Data center: il reattore nucleare USA fa un passo decisivo verso il debutto
Sempre più spesso il connubio tra data center e reattori nucleari emerge nei progetti e in nuove ricerche, questo perché la richiesta energetica di queste nuove strutture di calcolo si sta facendo così elevata da spingere tutte le realtà impegnate alla ricerca di soluzioni a lungo termine.
Abbiamo visto nascere molti progetti di questo genere, e tra le realtà maggiormente impegnate oltreoceano che Aalo Atomics. L'azienda ha annunciato che il proprio reattore sperimentale Aalo-X ha raggiunto la criticità presso l'Idaho National Laboratory. Questo è il traguardo fondamentale che bisogna raggiungere nello sviluppo di una simile tecnologia, ma che significa concretamente? Per un reattore nucleare, raggiungere la criticità significa innescare una reazione a catena tale che il numero di neutroni prodotti dalla fissione rimane costante nel tempo, ciò significa che la reazione può auto-sostenersi in modo stabile.
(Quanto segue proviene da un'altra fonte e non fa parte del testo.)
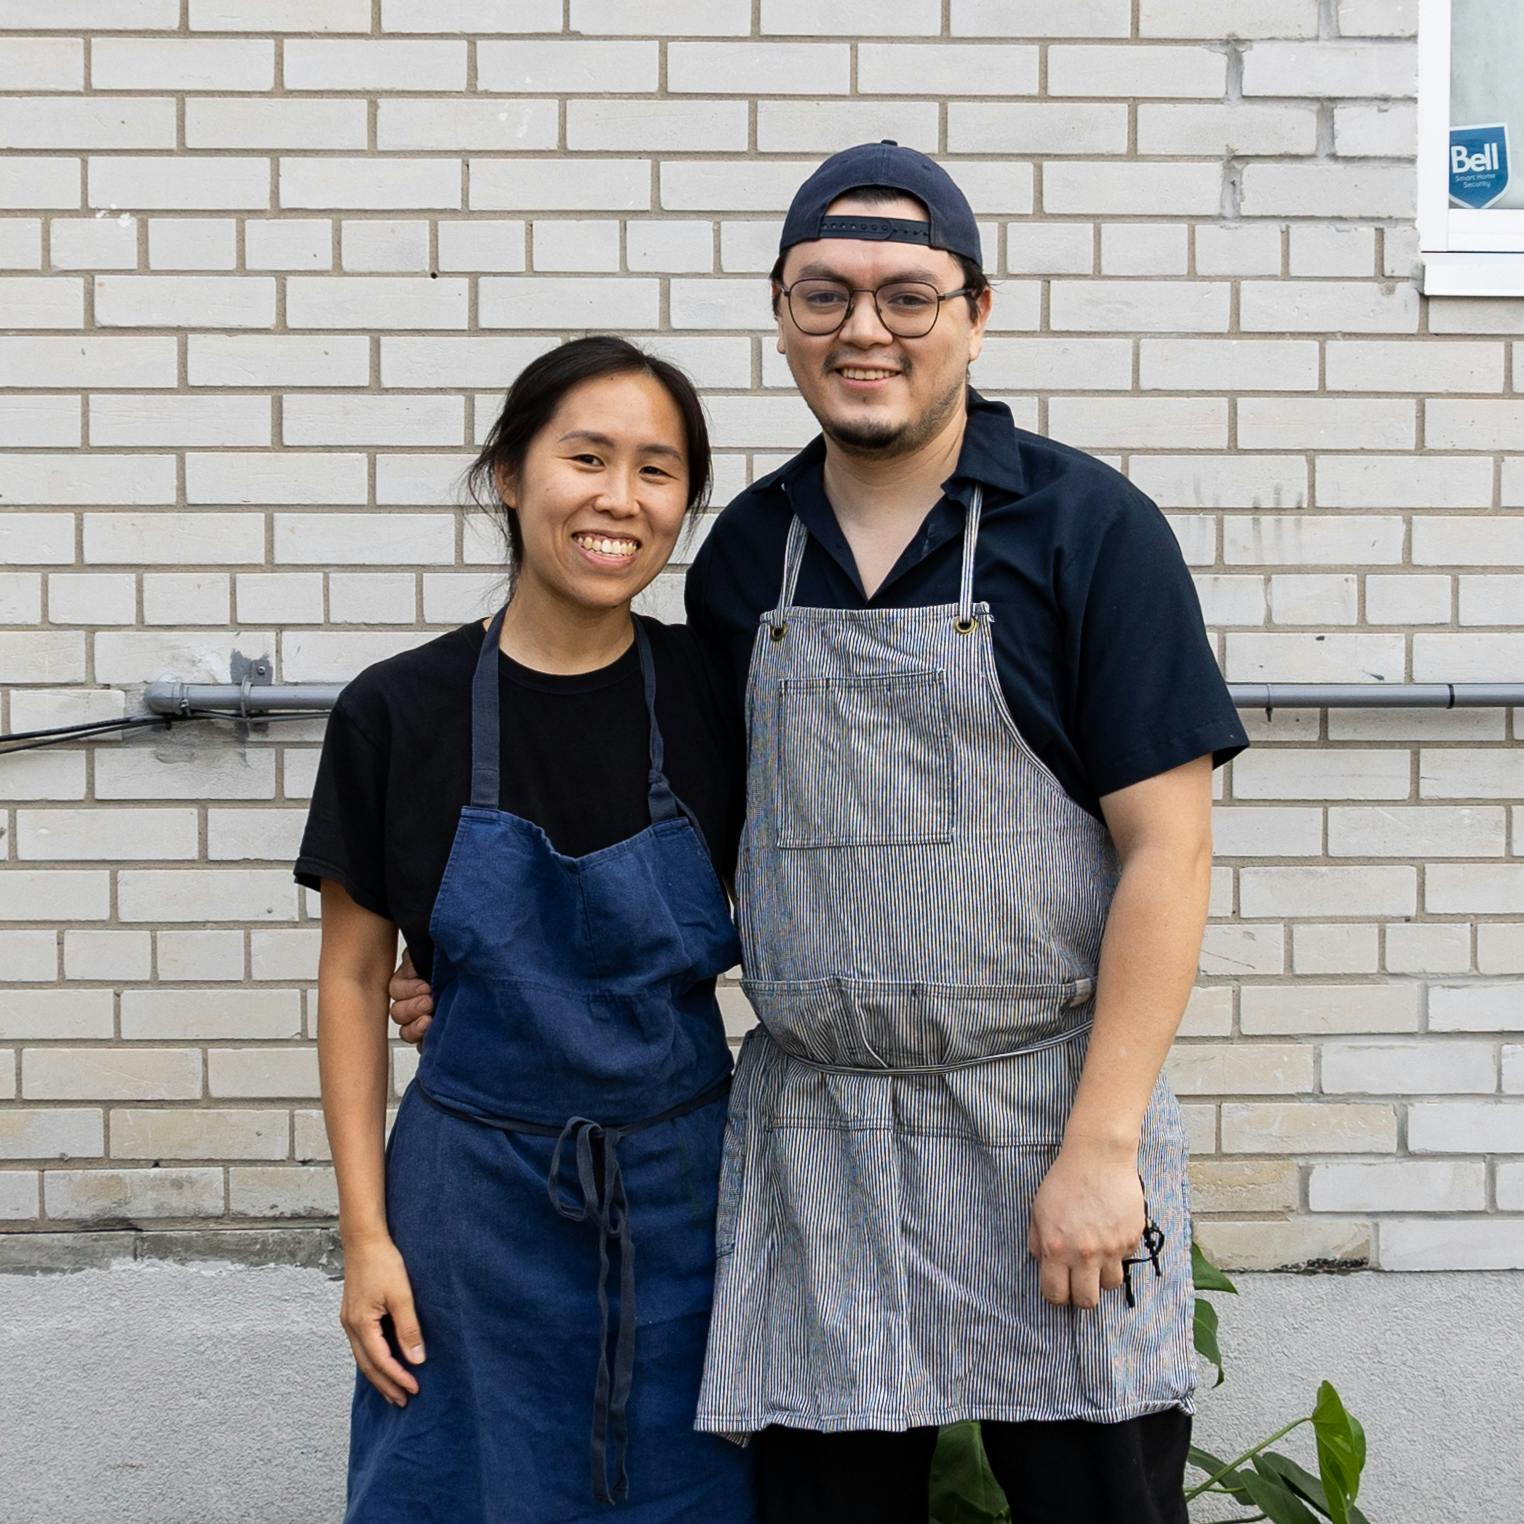 Chefs and Owners of ALMA+GIL Mandy Sou and Gerry Quintero
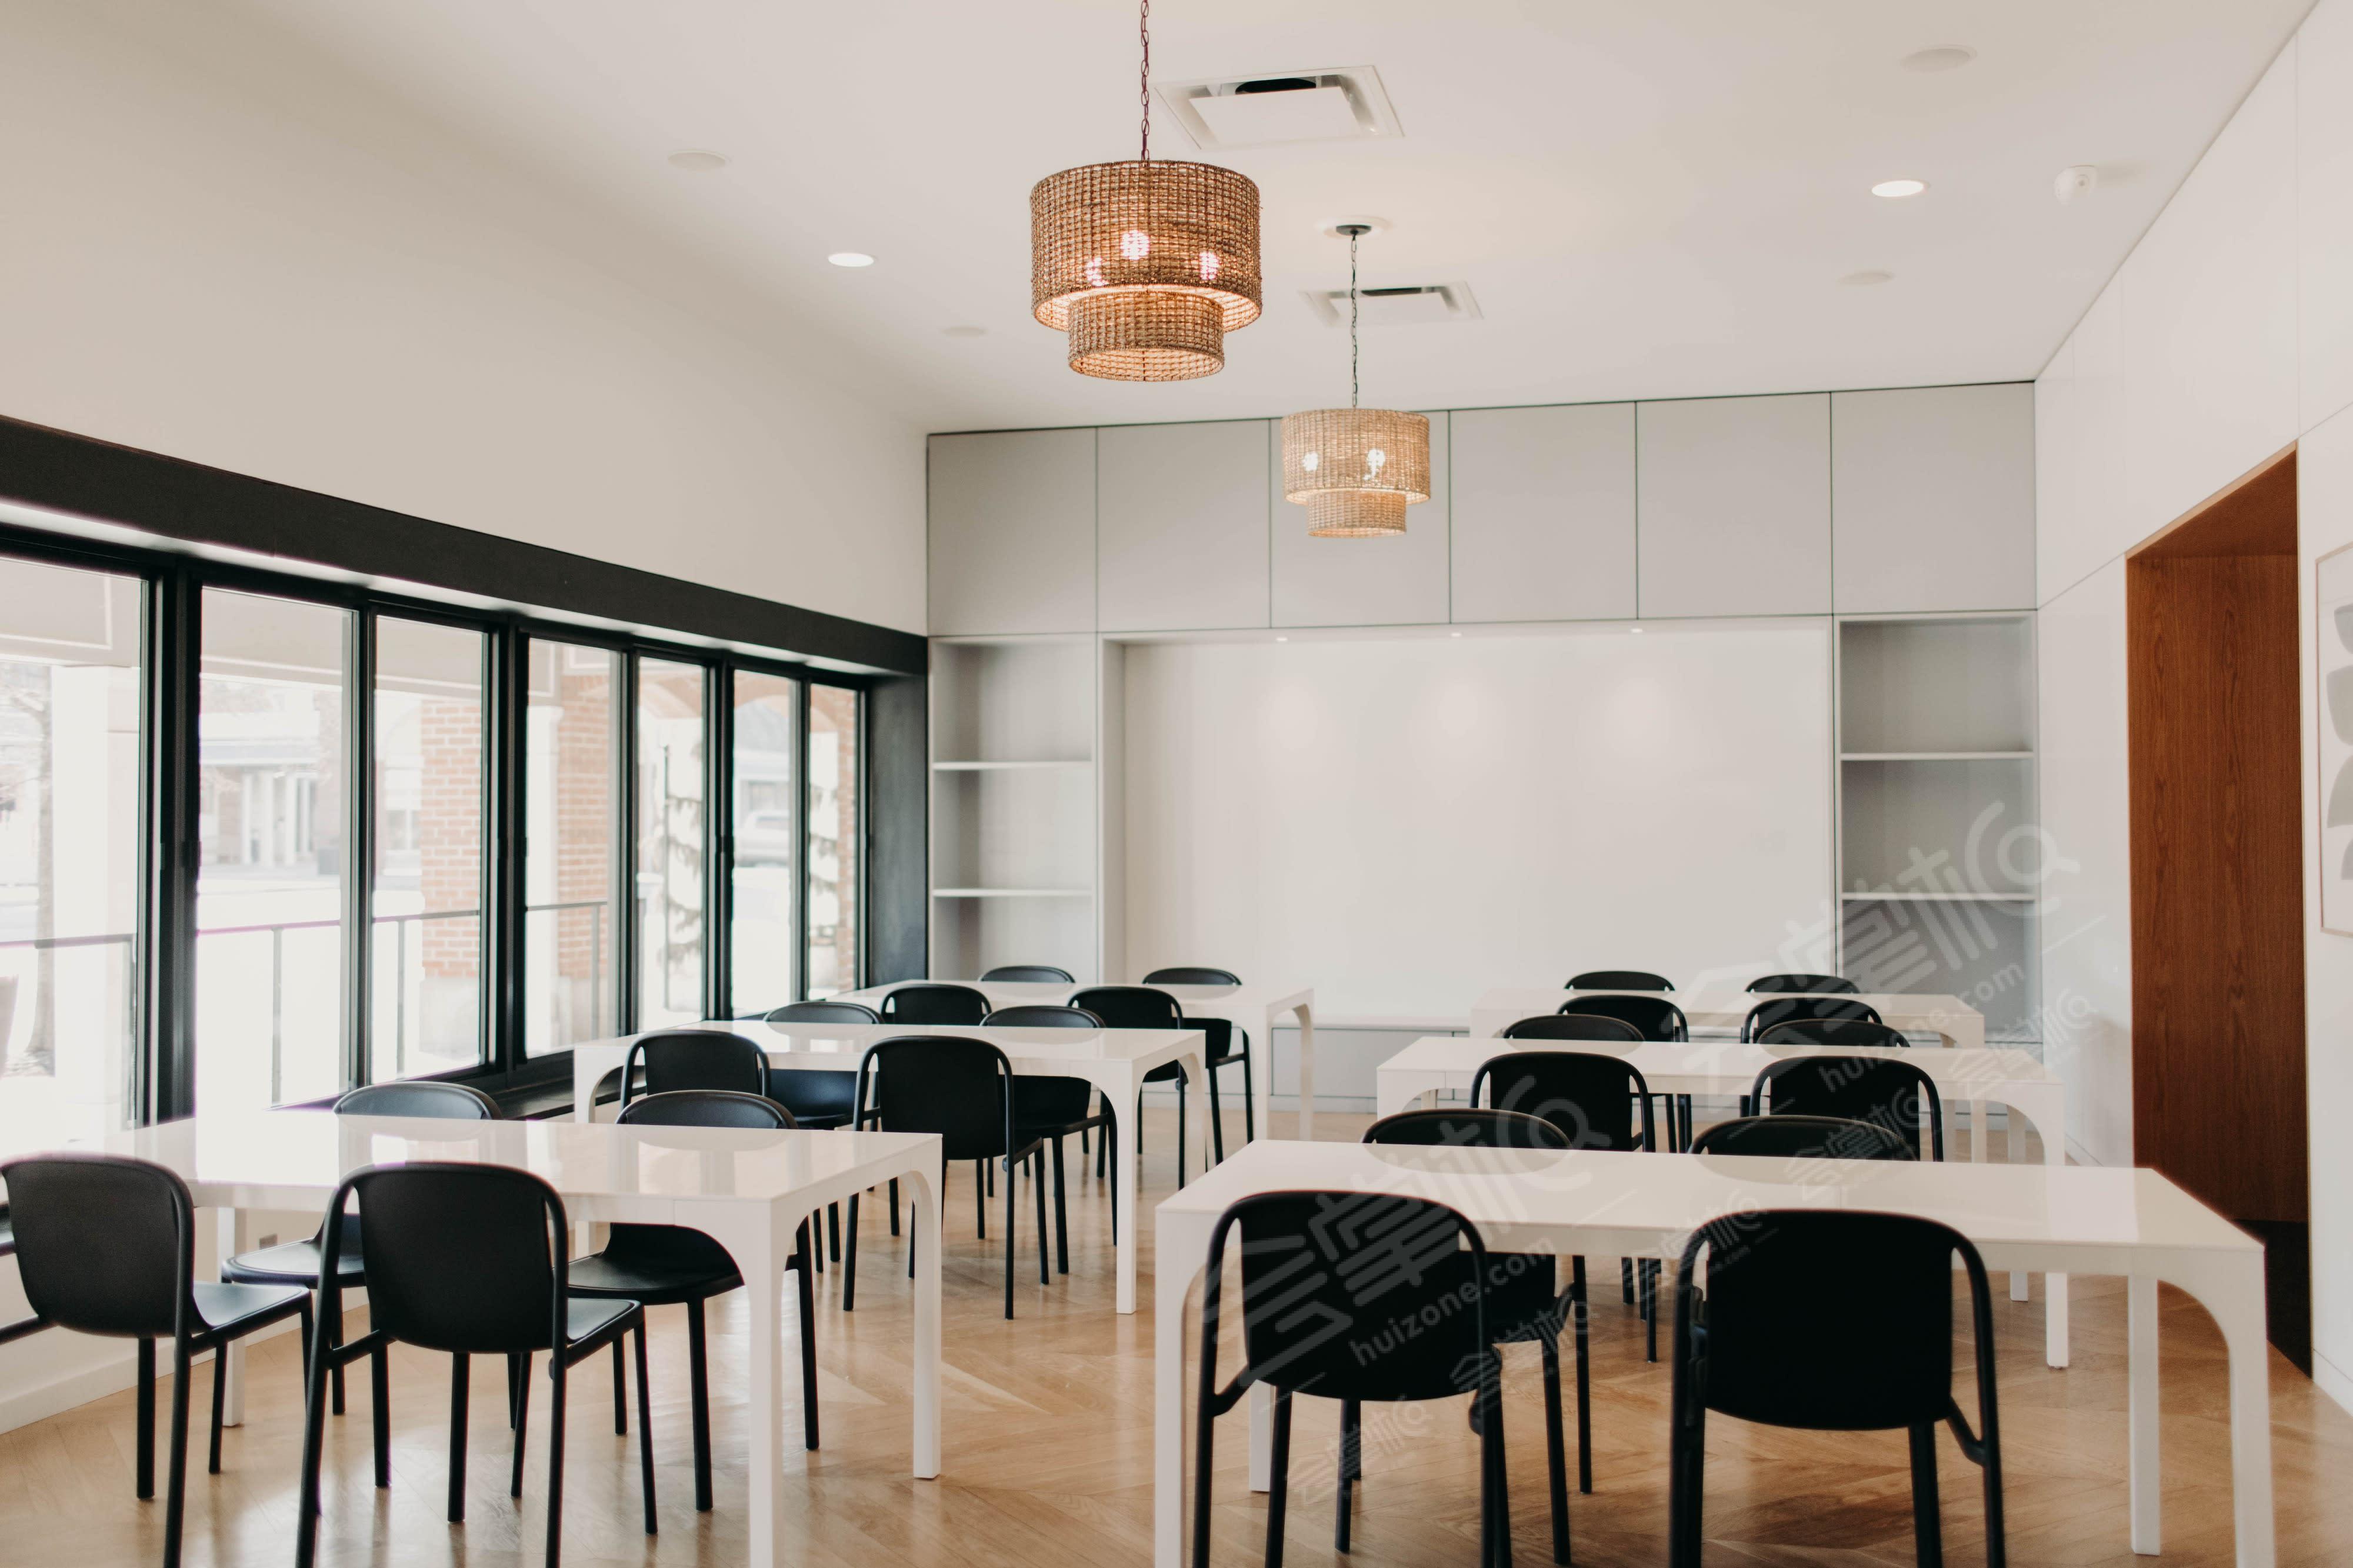 Modern Event Space in the Heart of Prairie Village

Non servendo più il supporto di una sorgente esterna di neutroni, il passo verso l'utilizzo in condizioni reale è sempre più vicino.
Secondo l'azienda, il reattore da 10 MW elettrici utilizza gli stessi componenti principali del nocciolo che saranno impiegati nelle future versioni commerciali, pertanto molto presto potrebbe prendere vita il sistema chiamato Aalo Pod, ovvero una soluzione modulare destinata a fornire energia continua ai data center. Naturalmente, servirà il via libera della Nuclear Regulatory Commission.